In a landmark ruling on the subject, the High Court has taken a well-considered view on the concept of a PE and has after a comprehensive analysis of international tax jurisprudence and the global position, prescribed exhaustive criteria that need to be fulfilled for a PE to be constituted in India.
The High Court’s observations on the issue of determination of a fixed base PE may be considered well needed guidance on the issue. Although the Tribunal and the Authority for Advance Rulings on certain occasions have upheld the three tests required under the OECD Model Convention and commentary for the creation of a fixed base PE, since no High Court or the Supreme Court had upheld the same till the present decision, the tax authorities have almost never applied these tests while determining a PE during assessment proceedings. It is pertinent to note that certain rulings, even at Tribunal level, have failed to consider these criteria. For instance, the Delhi bench of the Tribunal in Convergys Customer Management Group Inc. v. ADIT6 had applied a risk based approach based on a FAR analysis for determination of a fixed base PE as opposed to application of these tests. This decision provides much awaited surety on the position and has prescribed the fulfillment of the physical, location/duration and business activity tests as the litmus test for determination of a fixed base PE.

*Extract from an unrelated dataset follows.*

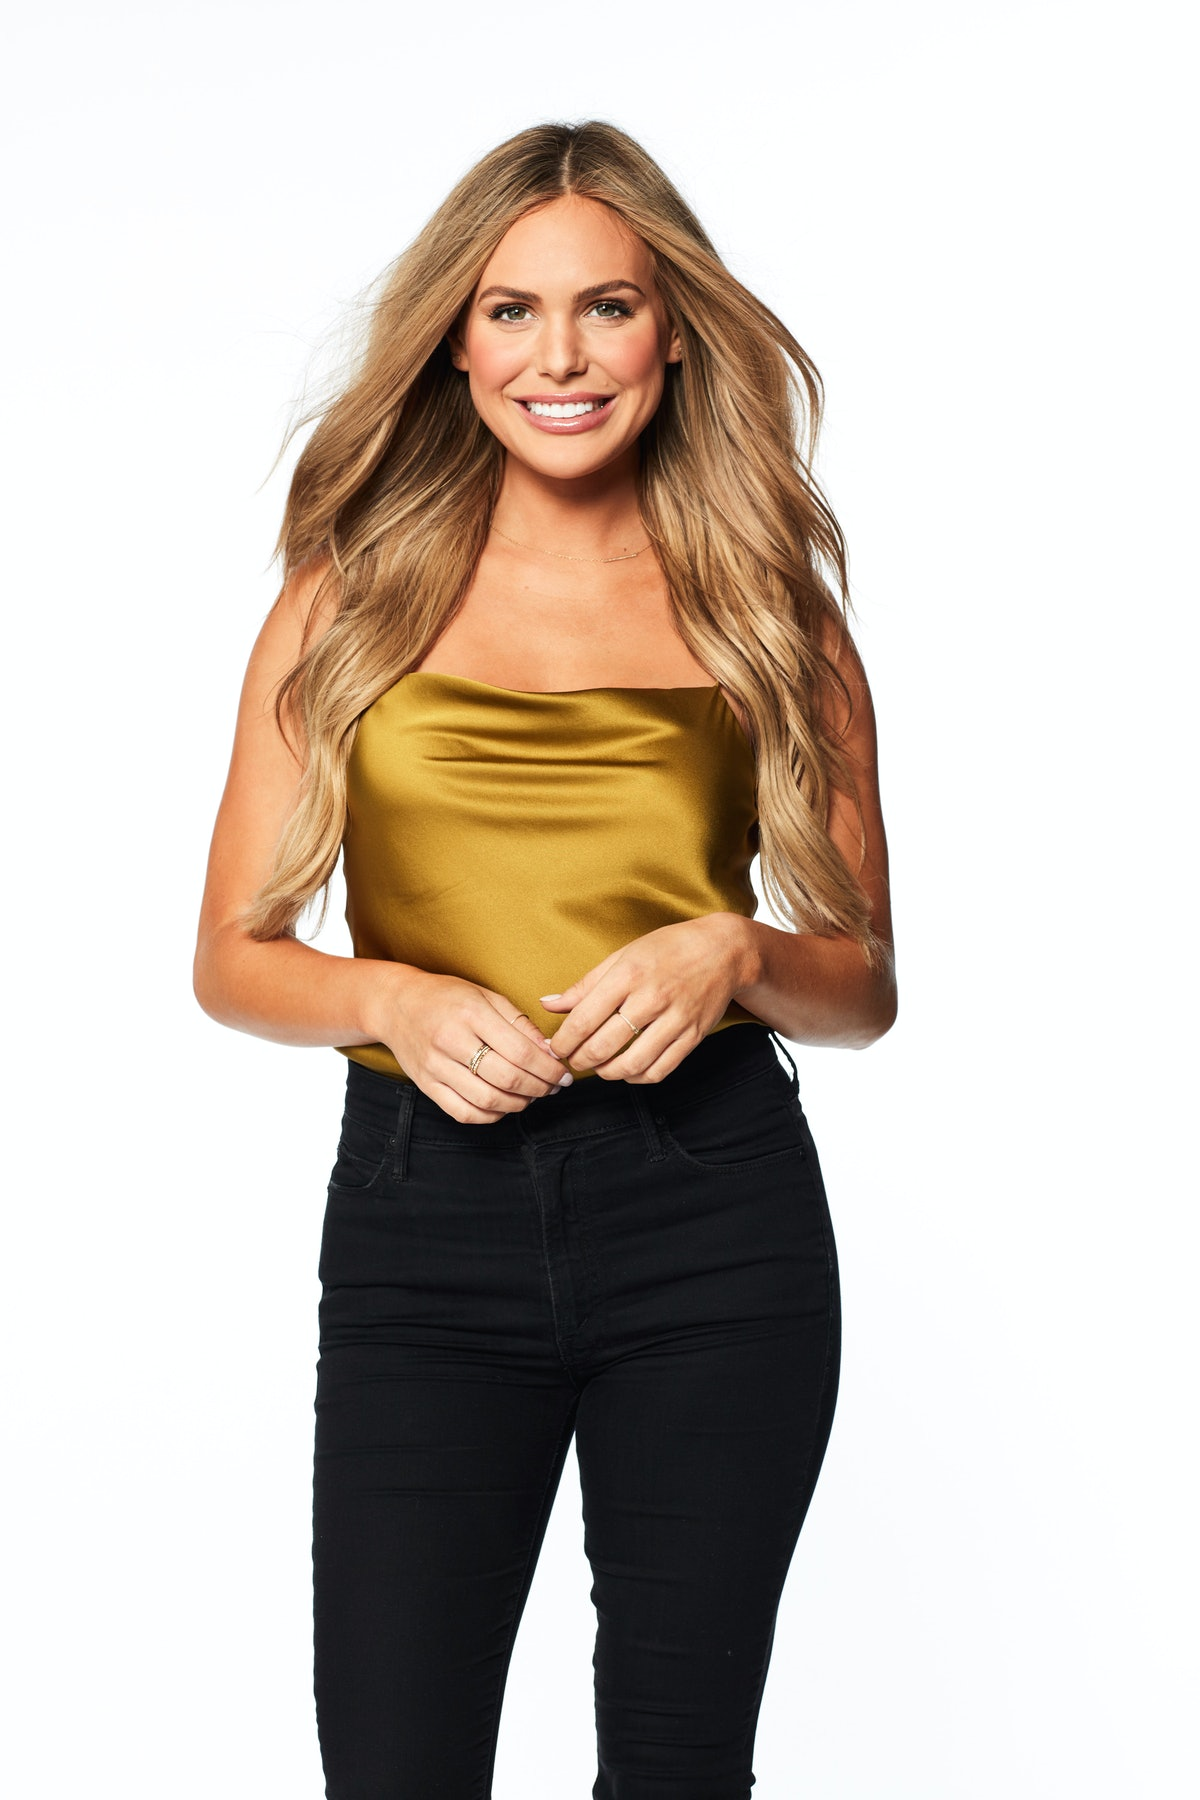 Kylie on 'The Bachelor'
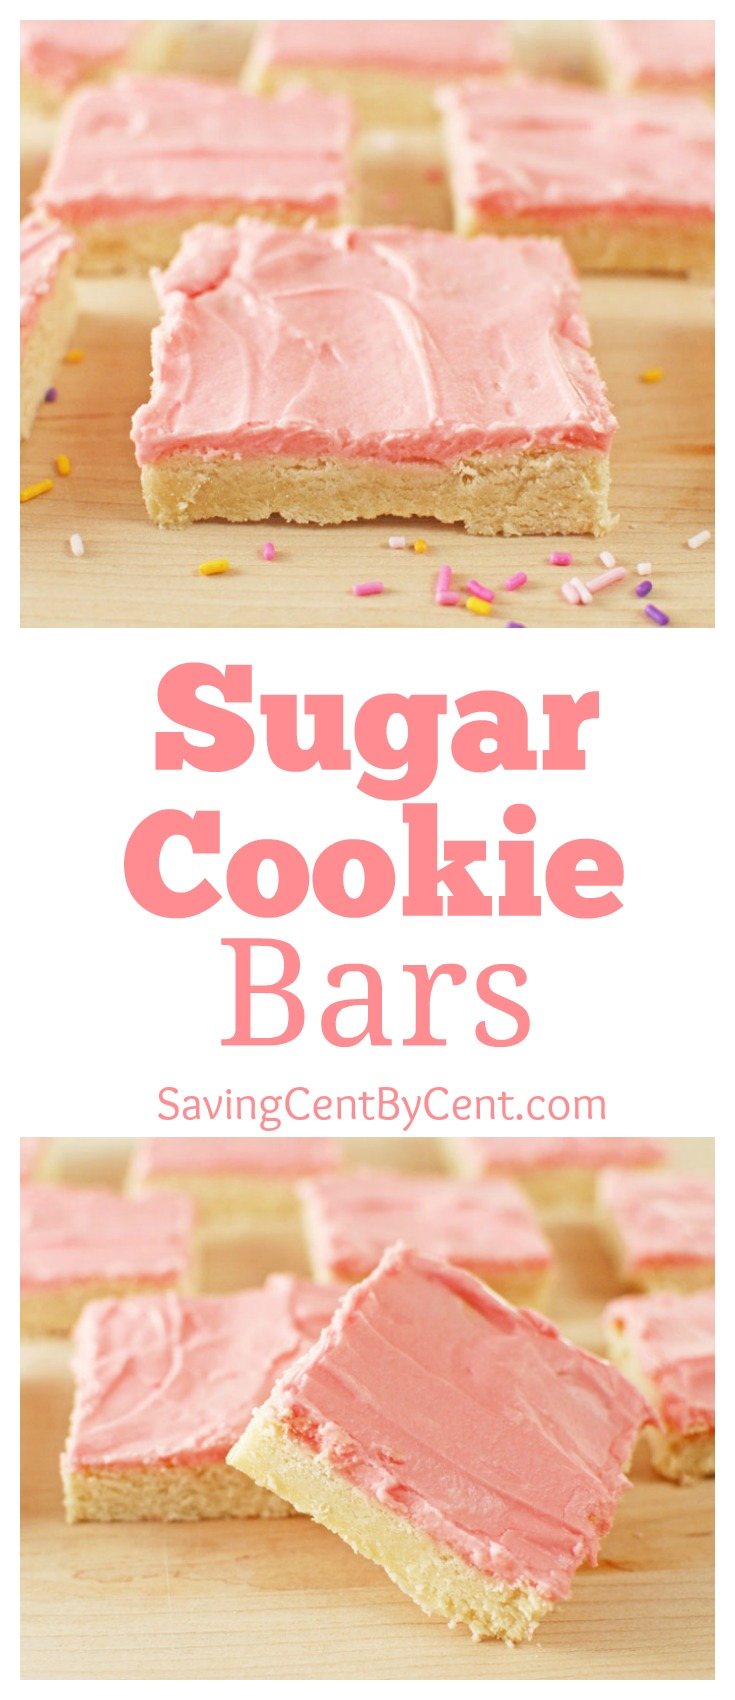 Sugar Cookie Bars on board with sprinkles

However, although the High Court has taken the view that all location based PEs in Article 5(2) need to fulfill the criteria under Article 5(1), the High Court has dealt with service PE separately and has held that in addition the service PE provision in Article 5(2)(l), Article 5(2)(k) also provides for a type of service PE. This may be indicative of the view adopted by the High Court that supervisory services in relation to a building site/construction or assembly project may on a stand-alone basis be considered a service PE if the time period requirement is satisfied.
On the issue of basic service PEs, the High Court has followed settled law laid out by the Supreme Court on service PE implications arising on deputation on employees. Moreover, the observations of the High Court stating that de facto and de jure employees of an Indian subsidiary cannot be considered ‘other personnel’ of the foreign entity and that supervision and control over the employees is the most important test for determining service PE implications may be helpful in a situation where employees are seconded by a foreign entity to its Indian associated enterprise. Therefore, this may be relied upon to take the view that seconded employees of the foreign entity who take up employment with the Indian entity during their period of secondment and who act under the supervision and control of the Indian entity do not create a service PE in India.
Finally, the High Court’s detailed observations on when an agency PE is created, when the exclusionary list under Article 5(3) becomes applicable, attribution to PEs and the basis of the MAP procedure give much needed clarity on areas which were ambiguous till date owing to lack of clear judicial positioning on the same.
All in all, the judiciary in India continues to give hope in an uncertain tax environment and the decision of the High Court gives much welcomed clarity to several taxpayers who have faced absurd assessment orders containing findings as to existence of a PE. One can only hope that the attitude of the tax authorities in the future towards PE determination would stand influenced by the principles laid down in the decision.